- _TASK OBJECTIVE_:
Quote the listing in full, exactly as given, minus any pictures.

- _PROVIDED MATERIAL_:
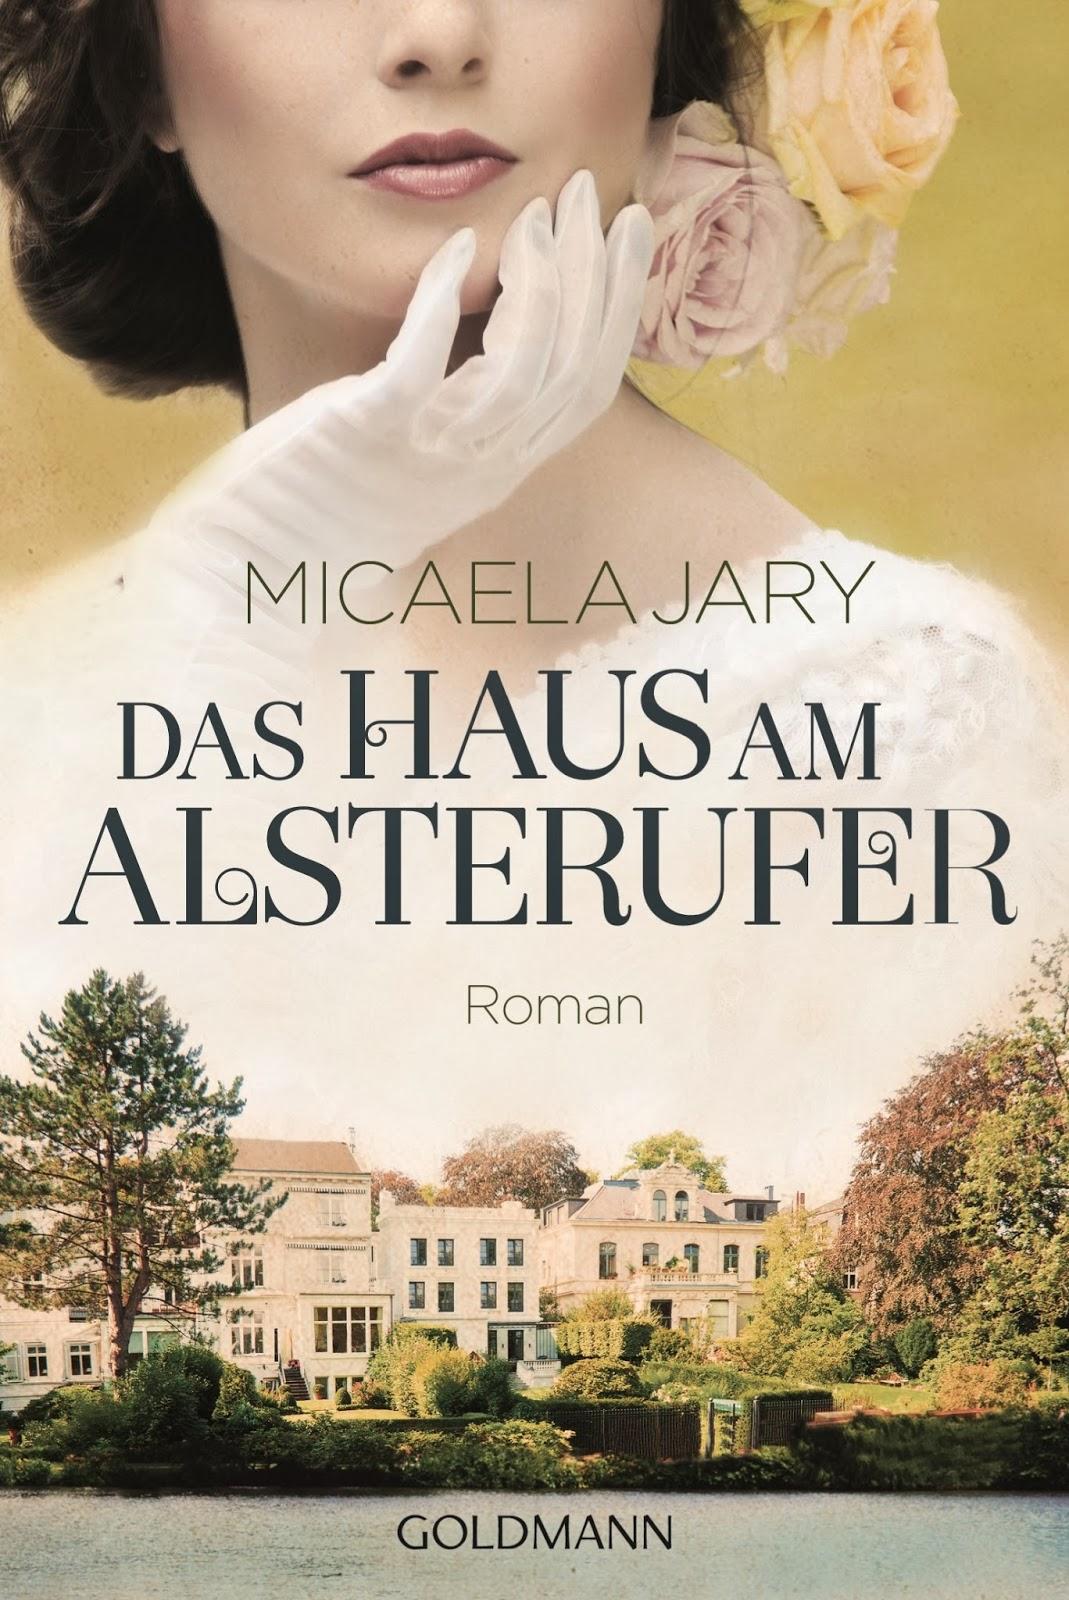 http://www.randomhouse.de/Taschenbuch/Das-Haus-am-Alsterufer-Roman/Micaela-Jary/e437655.rhd
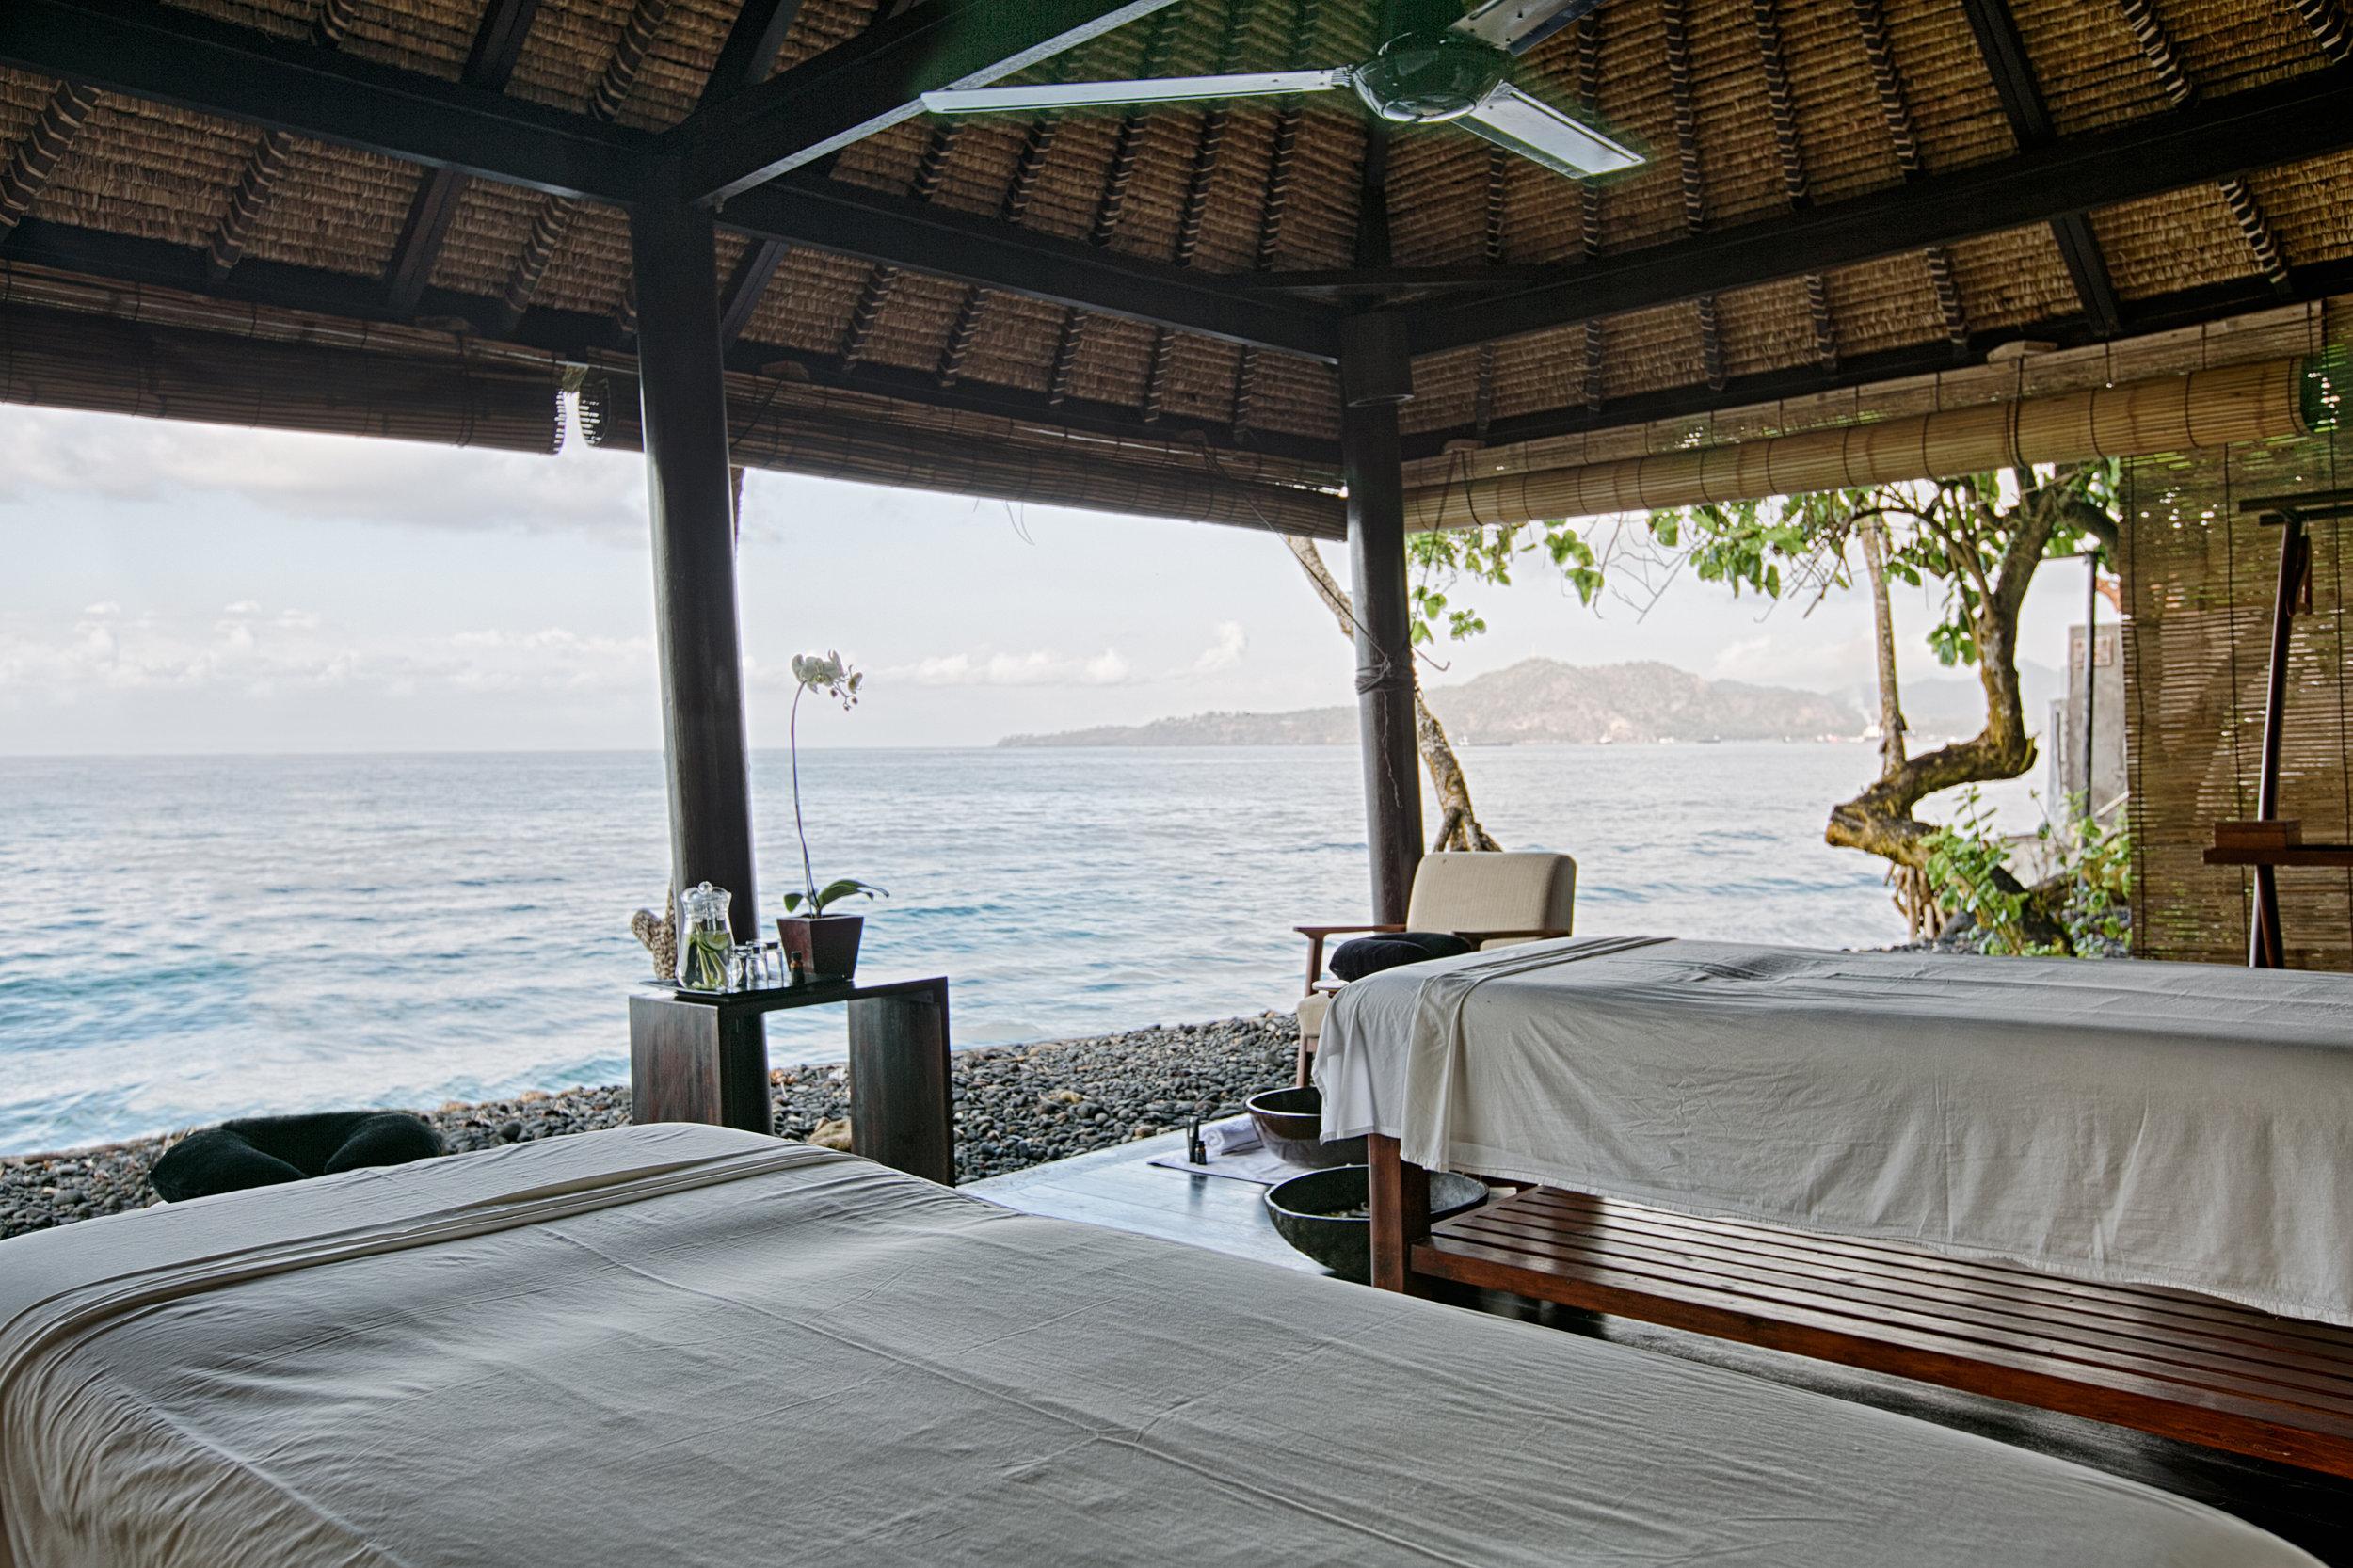 Alila Manggis - Alila Experiences - Balinese Healing Treatment 02.jpg
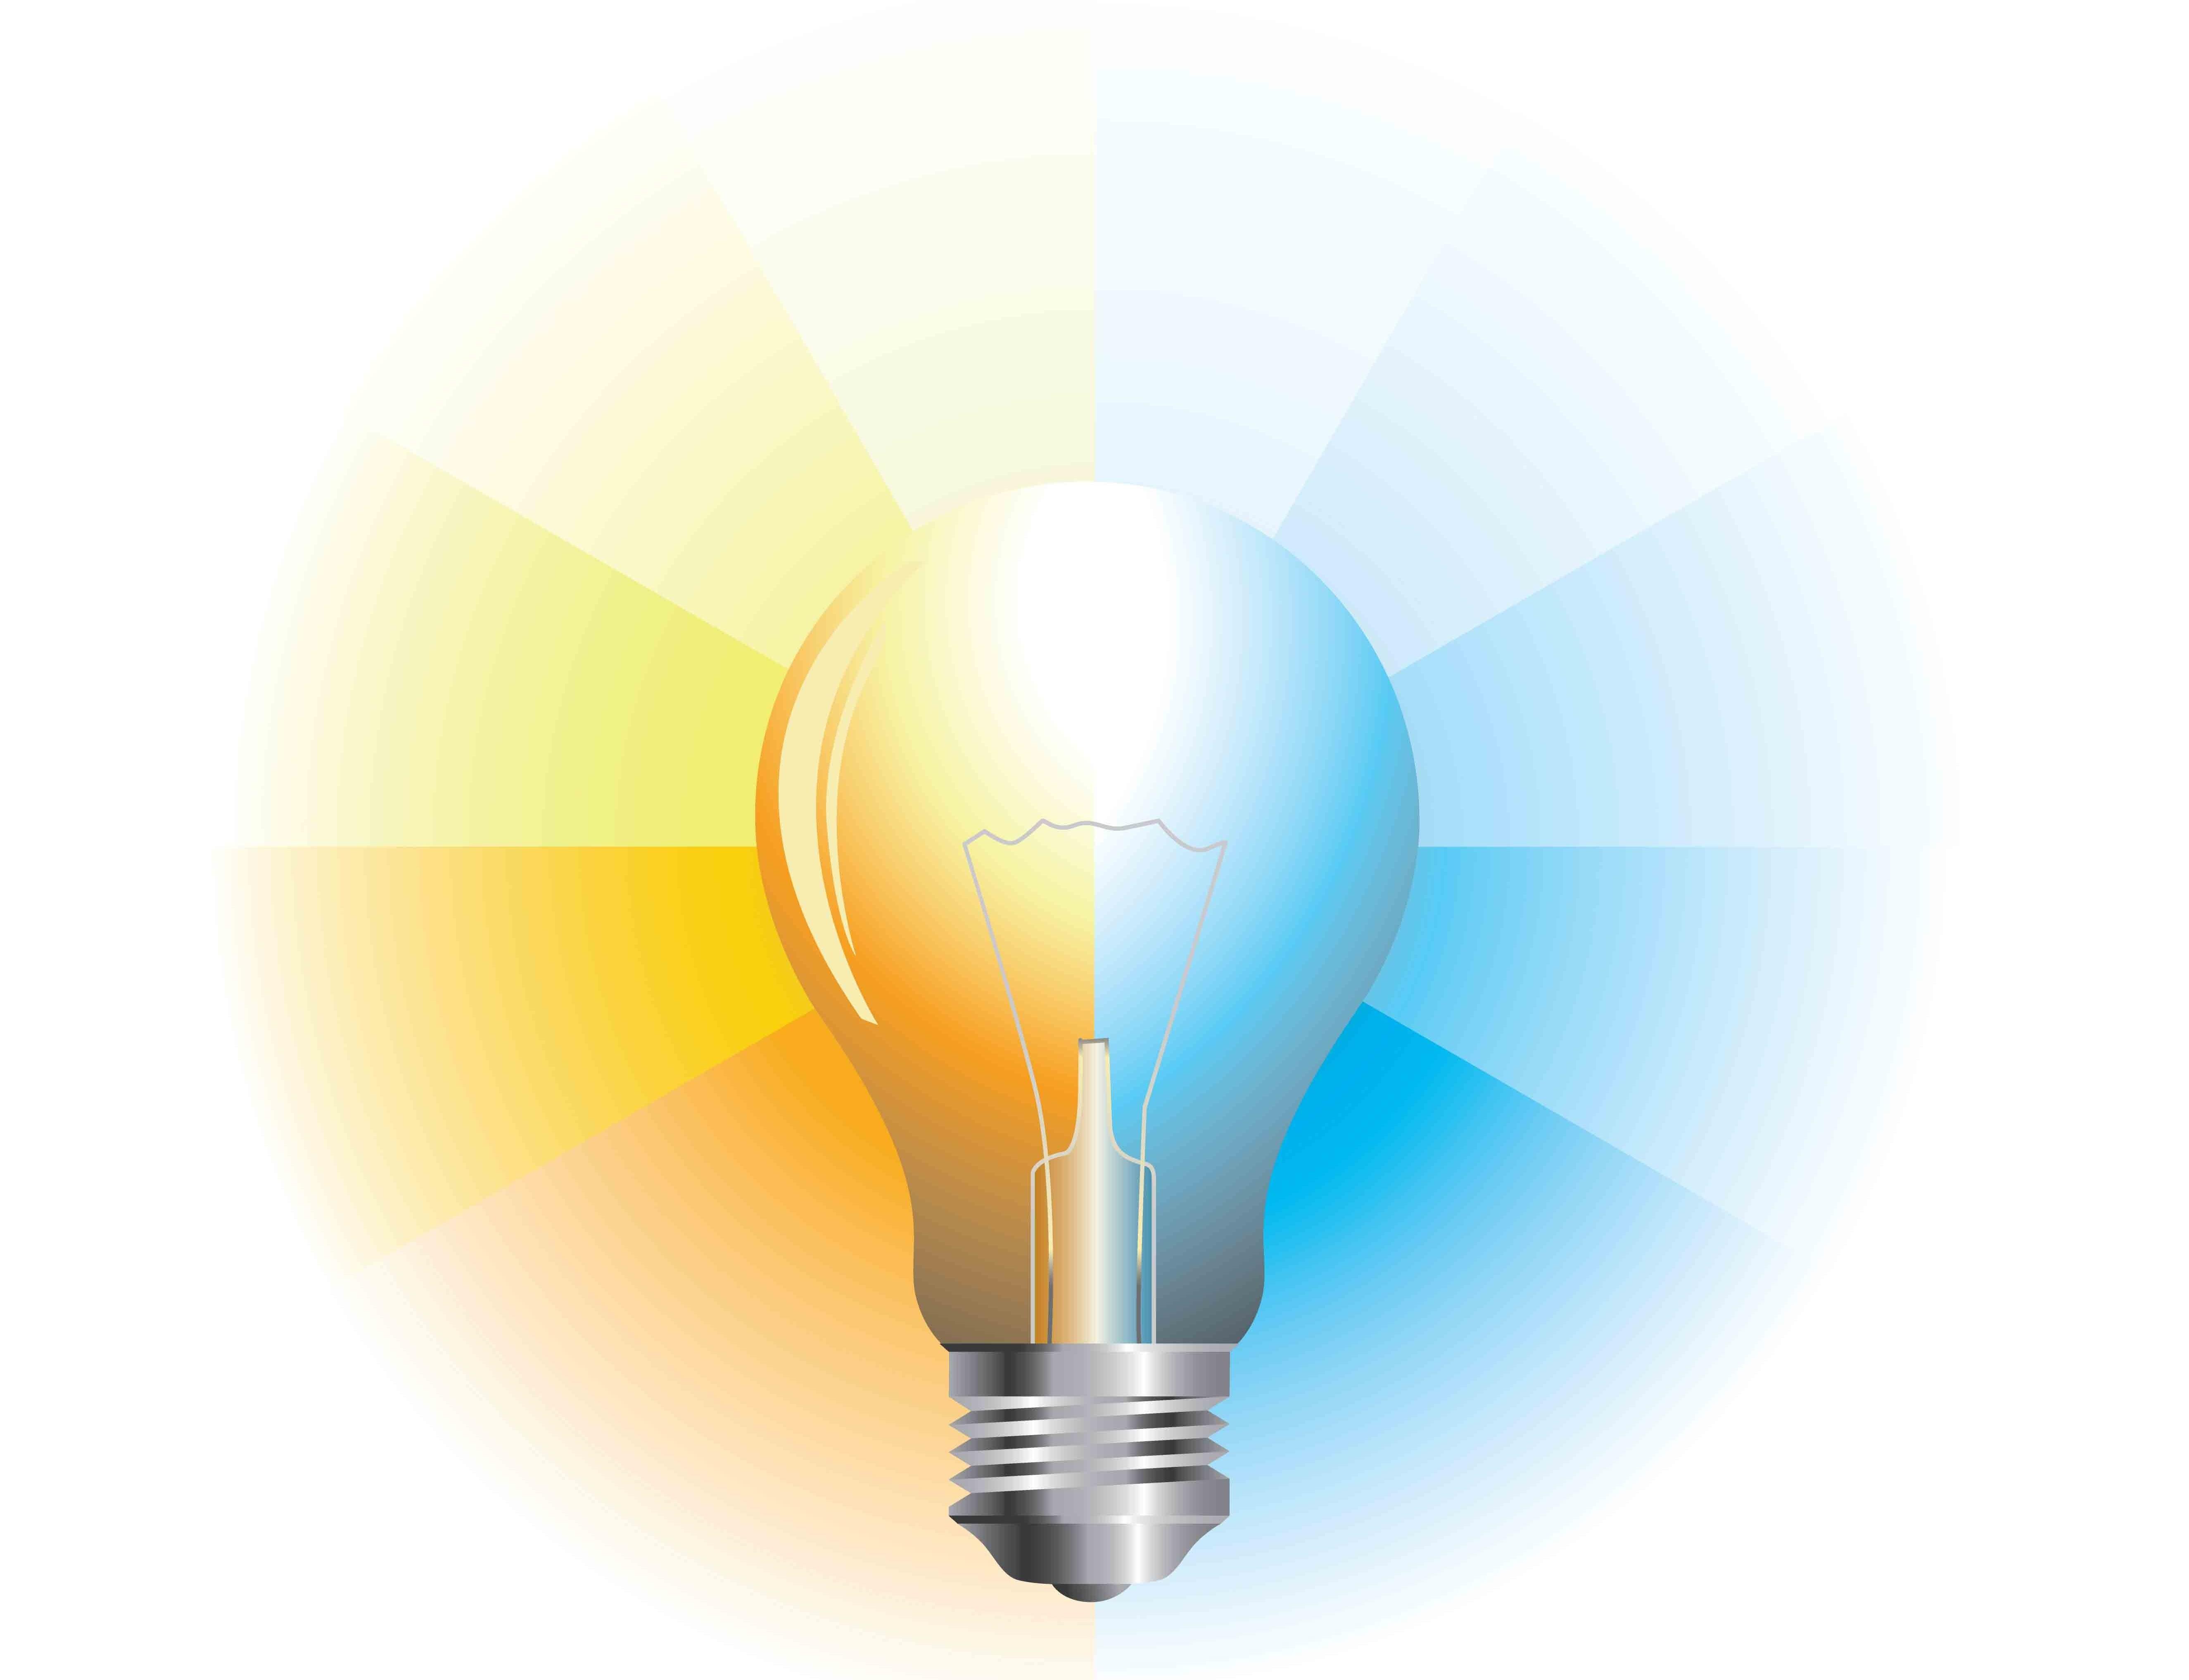 licht & beleuchtung im trend | lampe magazin, Badezimmer ideen

- _SOLUTION TO THIS TASK_:
 http://www.randomhouse.de/Taschenbuch/Das-Haus-am-Alsterufer-Roman/Micaela-Jary/e437655.rhd
 Alila Manggis - Alila Experiences - Balinese Healing Treatment 02.jpg
 licht & beleuchtung im trend | lampe magazin, Badezimmer ideen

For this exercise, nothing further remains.